When XeF6 (xenon hexafluoride) is treated with aqueous NaOH (sodium hydroxide), a series of reactions occur resulting in the formation of sodium hexafluoroxenate(VI) and other products. Let's break down the reaction steps to understand the process in detail:


NaOH dissociates in water to form sodium ions (Na+) and hydroxide ions (OH-).

NaOH → Na+ + OH-


XeF6 is a strong oxidizing agent and reacts with water to form xenonate(VI) ion (XeO6^4-) and fluoride ions (F-).
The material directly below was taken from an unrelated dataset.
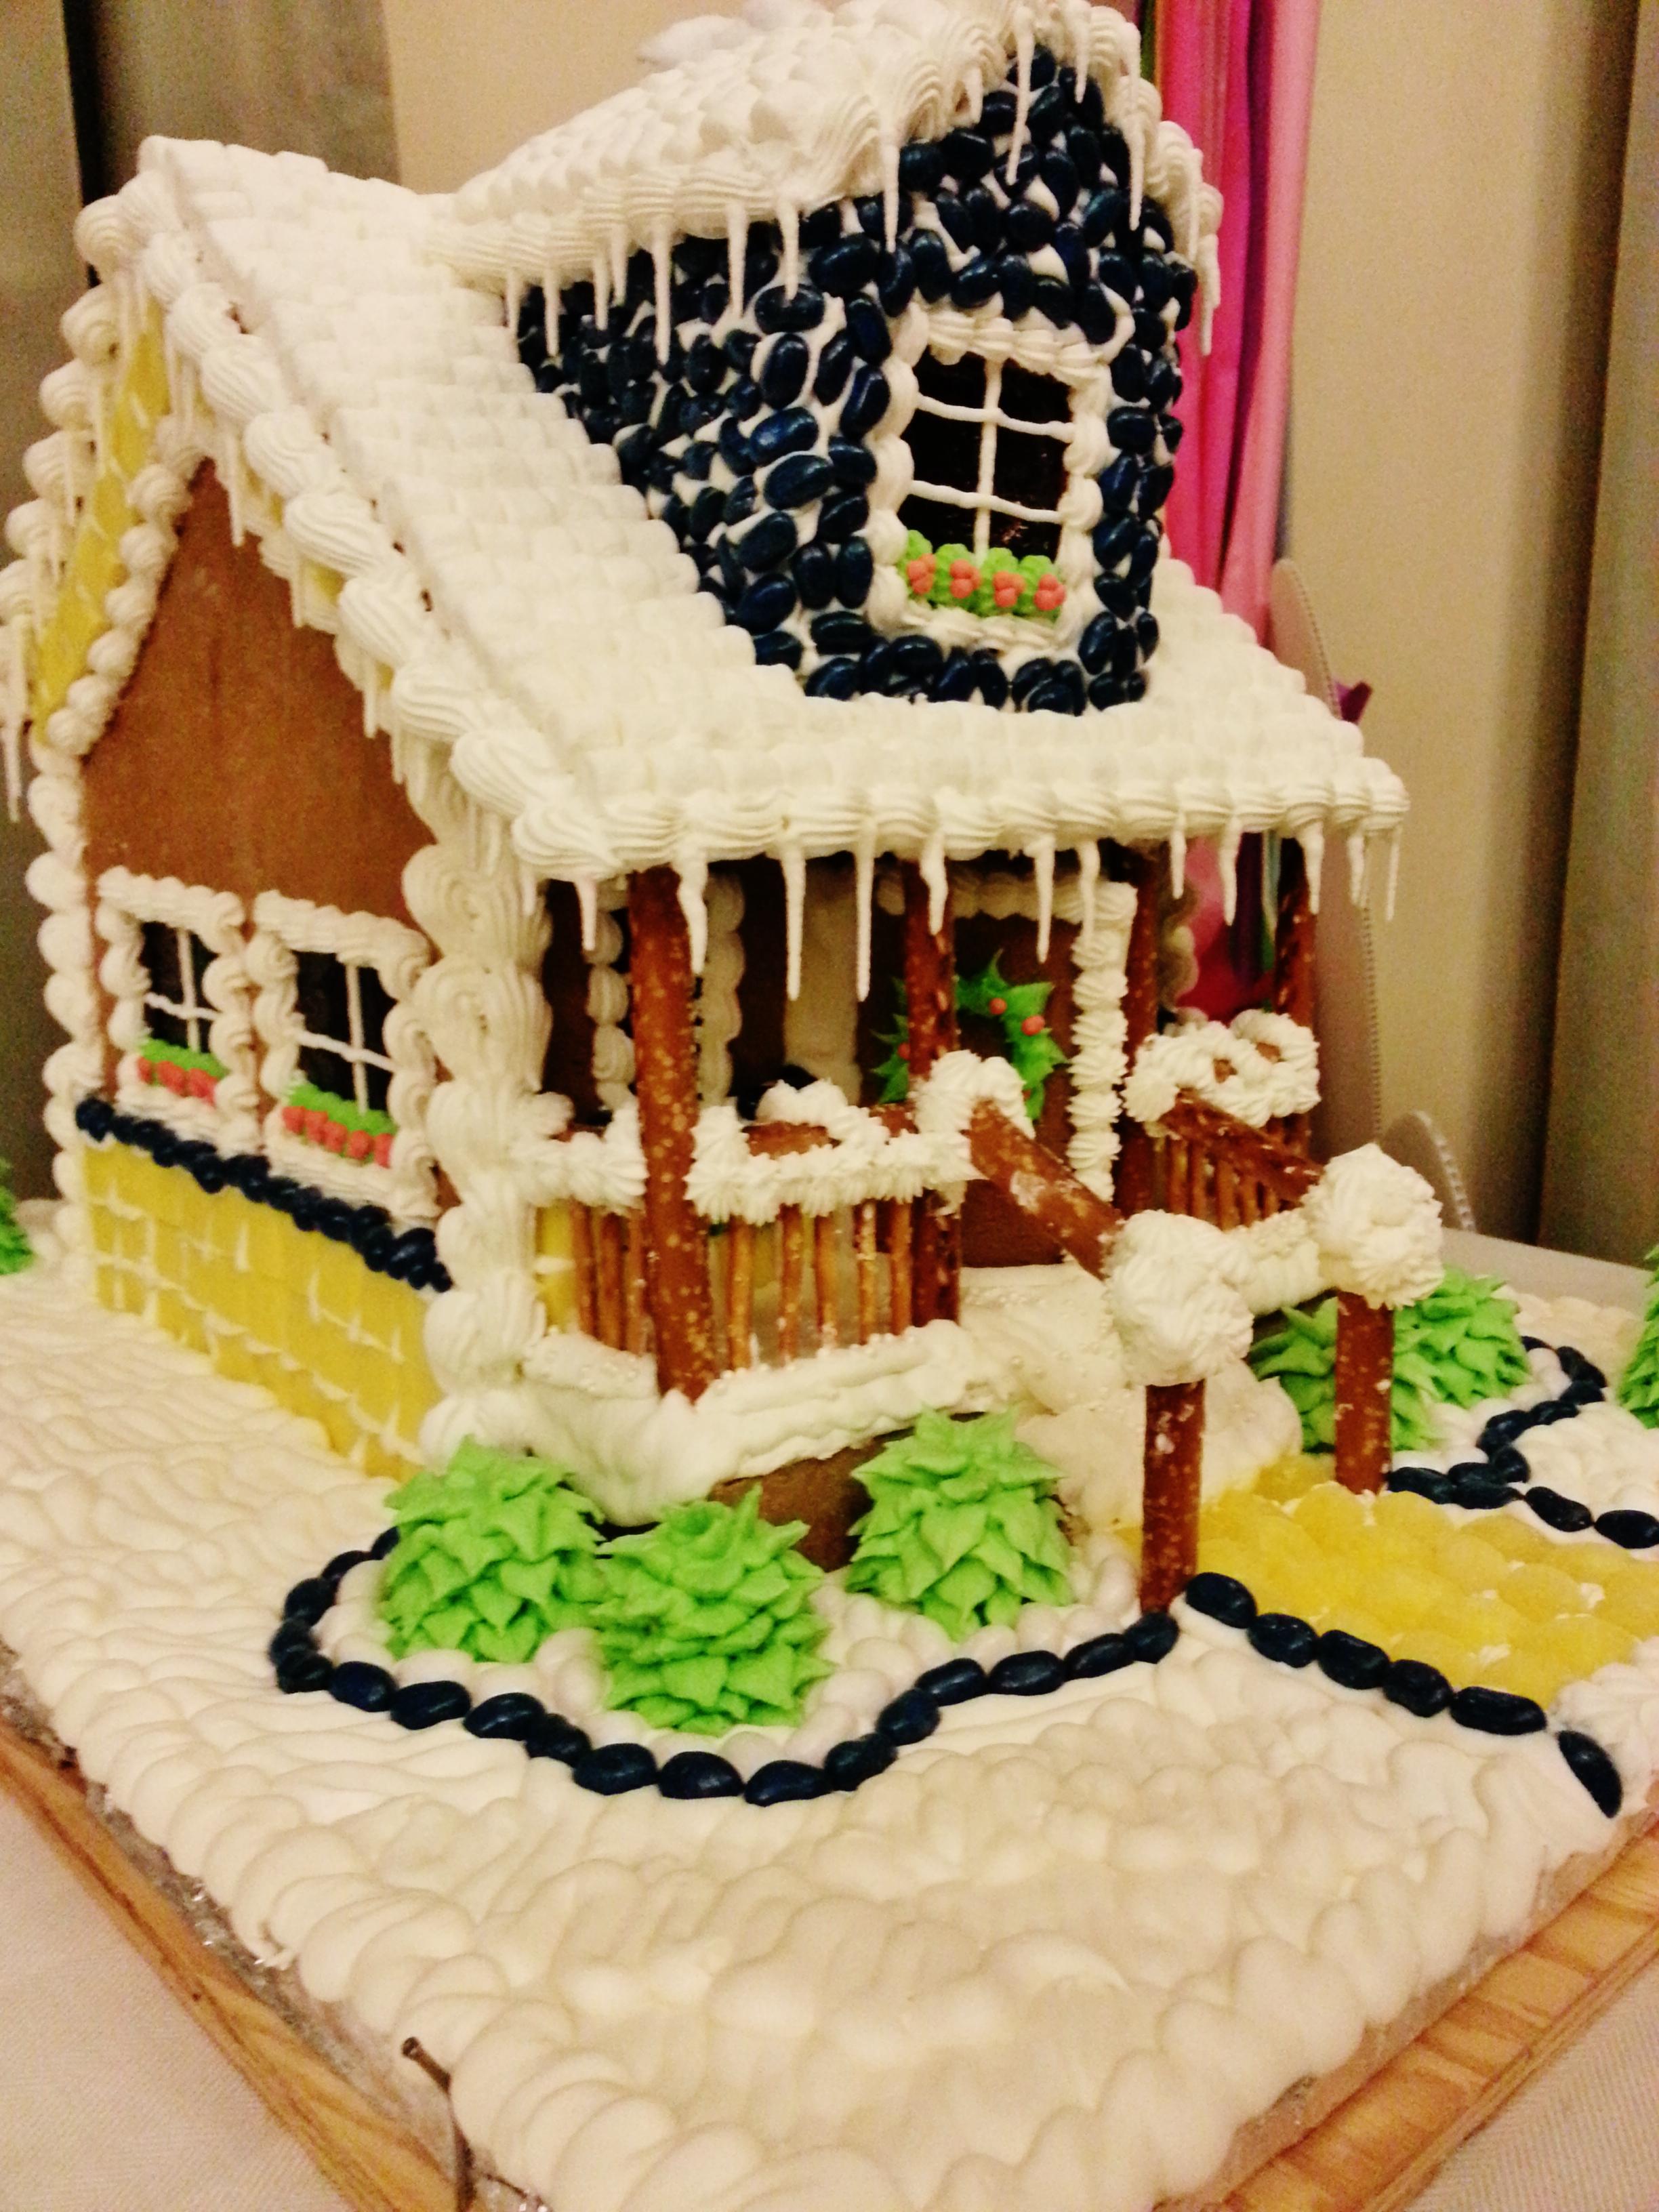 Contemporary Gingerbread House Ideas Gingerbread House Ideas Gingerbread House Ideas Martha Stewart Opia200911gingerbread House Ideas ideas Gingerbread House Ideas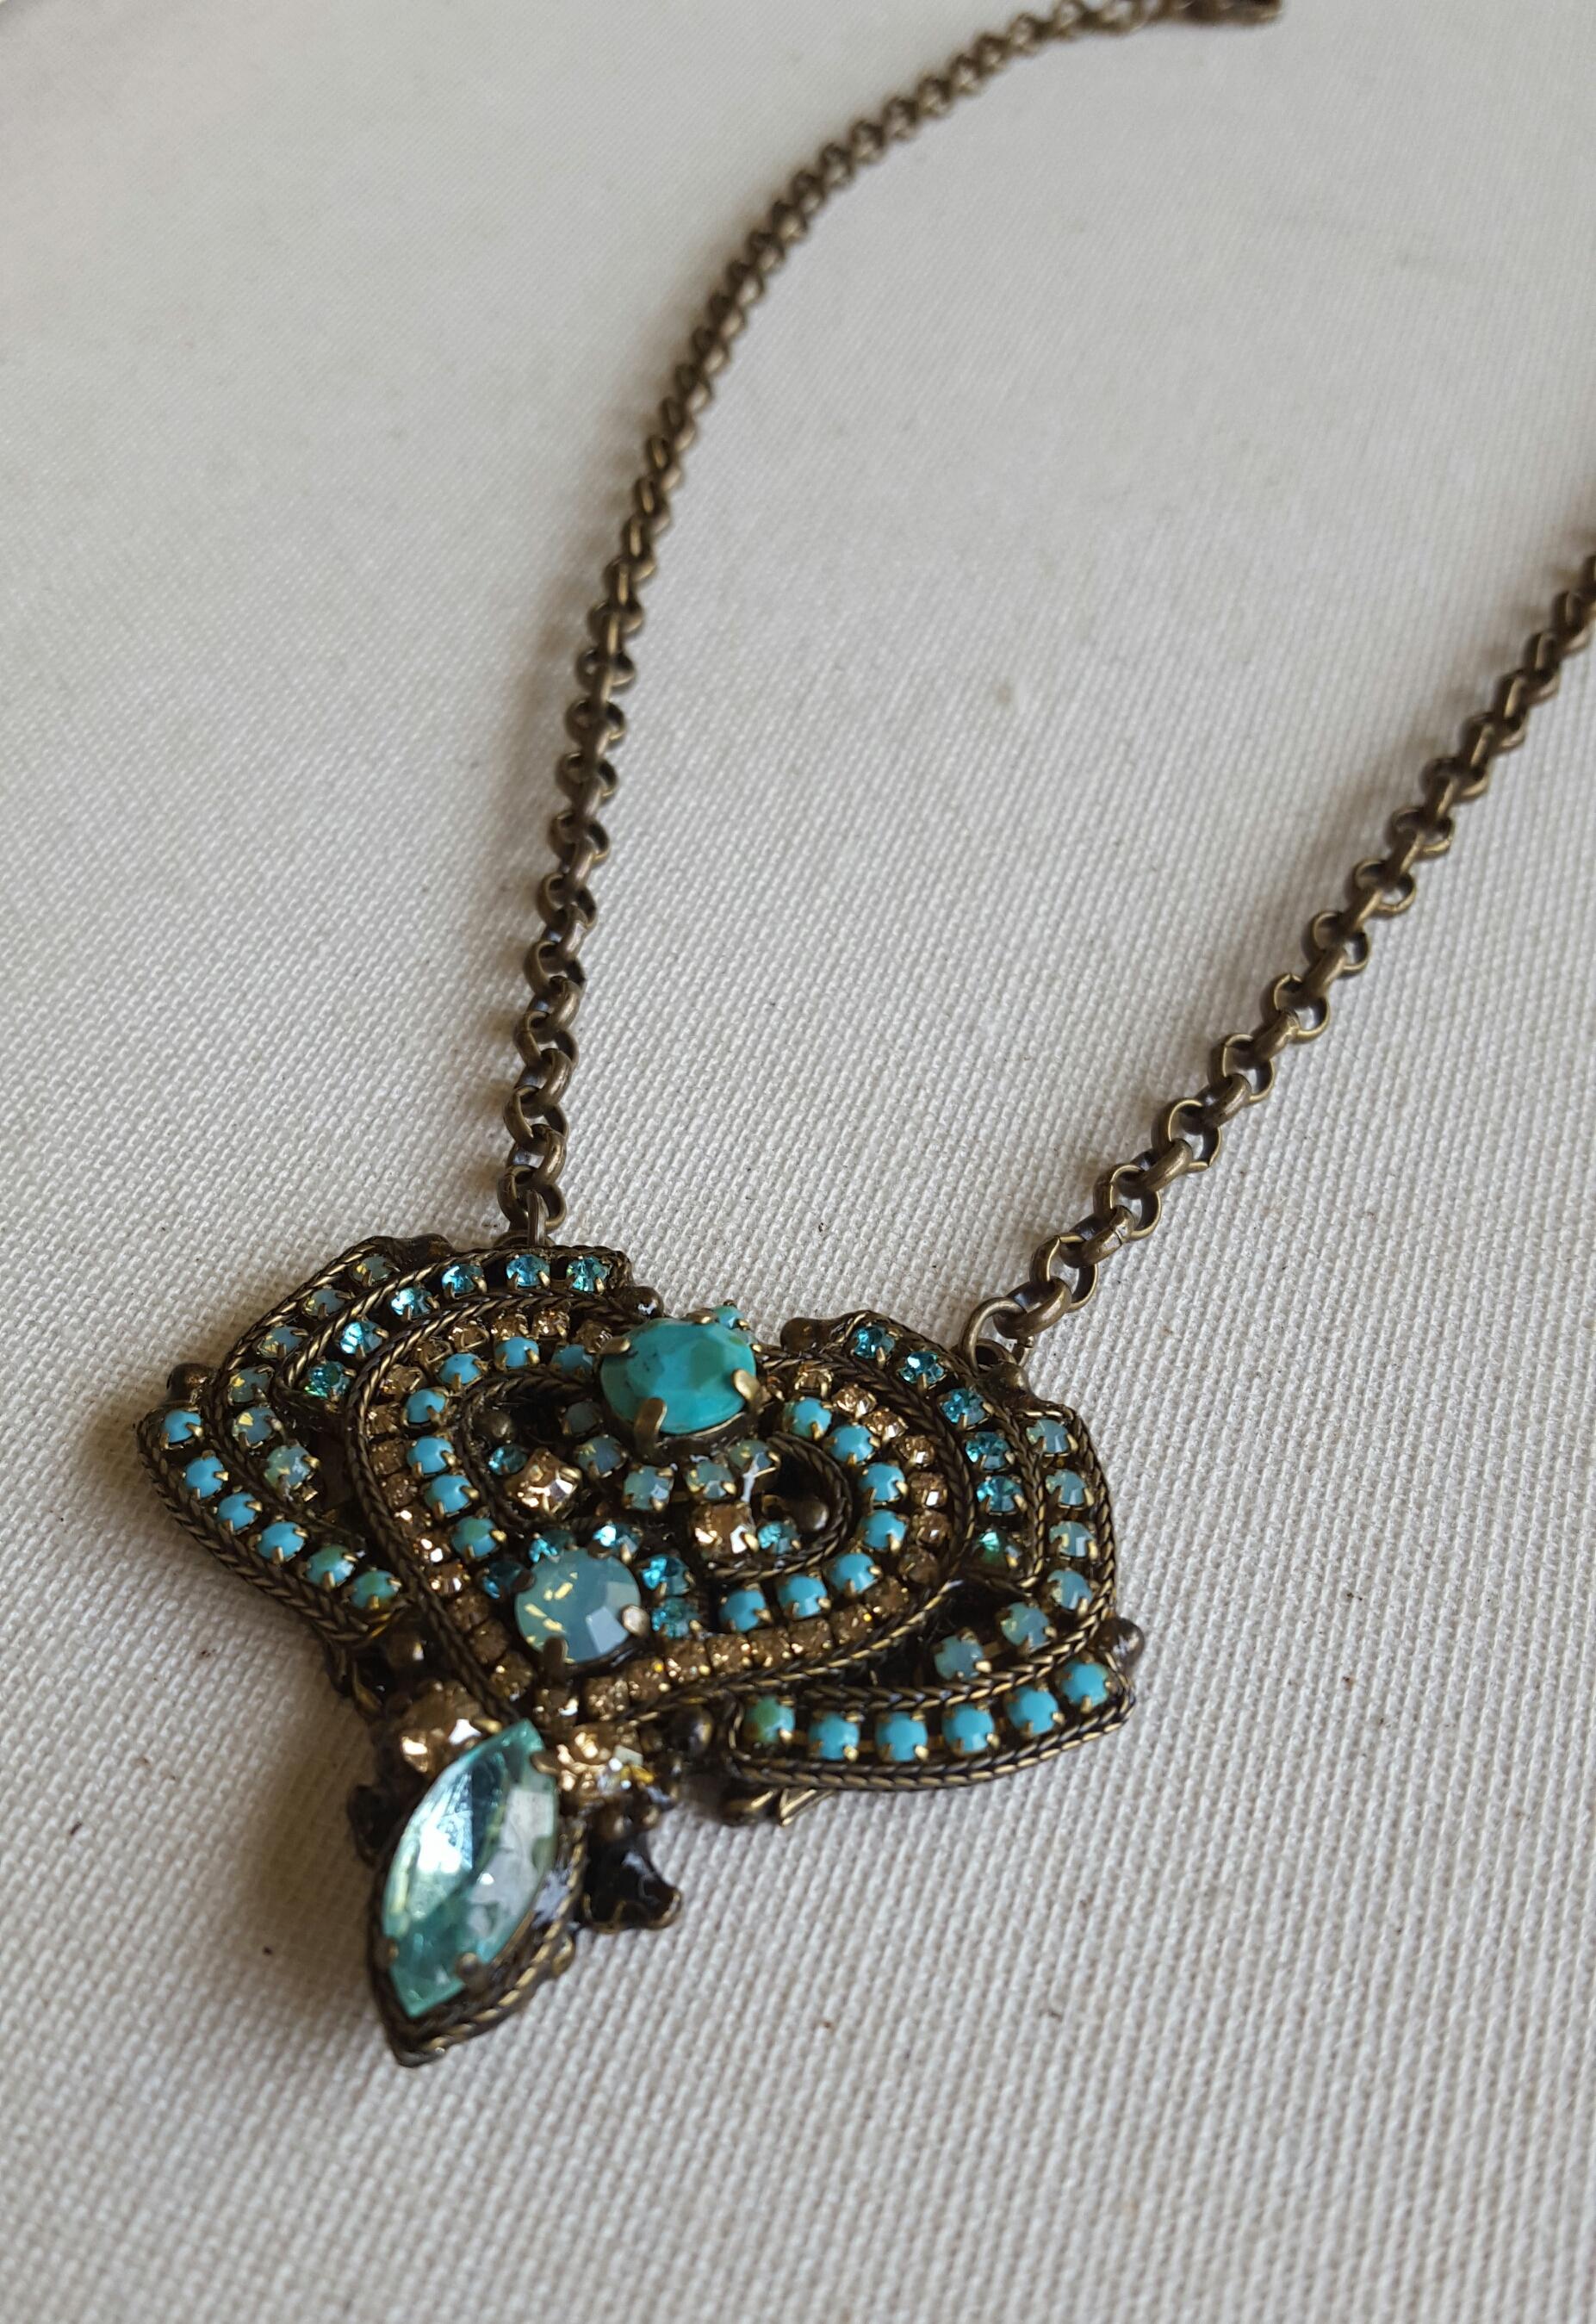 Swarovski Crystal: Aquamarine, Pacific Opal, Topaz Semi-Precious: Turquoise

XeF6 + 2H2O → XeO6^4- + 4HF


The hydroxide ions (OH-) from NaOH react with the hydrogen fluoride (HF) produced in the previous step to form water and fluoride ions (F-).

HF + OH- → H2O + F-


Combining the above steps, the overall reaction can be represented as:

XeF6 + 6NaOH → Na4XeO6 + 4NaF + 3H2O


The reaction between XeF6 and aqueous NaOH yields the following products:

1. Sodium hexafluoroxenate(VI) (Na4XeO6): This compound is a salt containing the hexafluoroxenate(VI) ion (XeO6^4-). It is a yellow-orange solid and is highly soluble in water.

2. Sodium fluoride (NaF): This is a white, crystalline compound formed as a byproduct of the reaction.

3. Water (H2O): Water is formed as a result of the acid-base reaction between HF and OH- ions.


In summary, when XeF6 is treated with aqueous NaOH, a series of reactions occur leading to the formation of sodium hexafluoroxenate(VI), sodium fluoride, and water. This reaction demonstrates the oxidizing properties of XeF6 and the acid-base neutralization between NaOH and HF.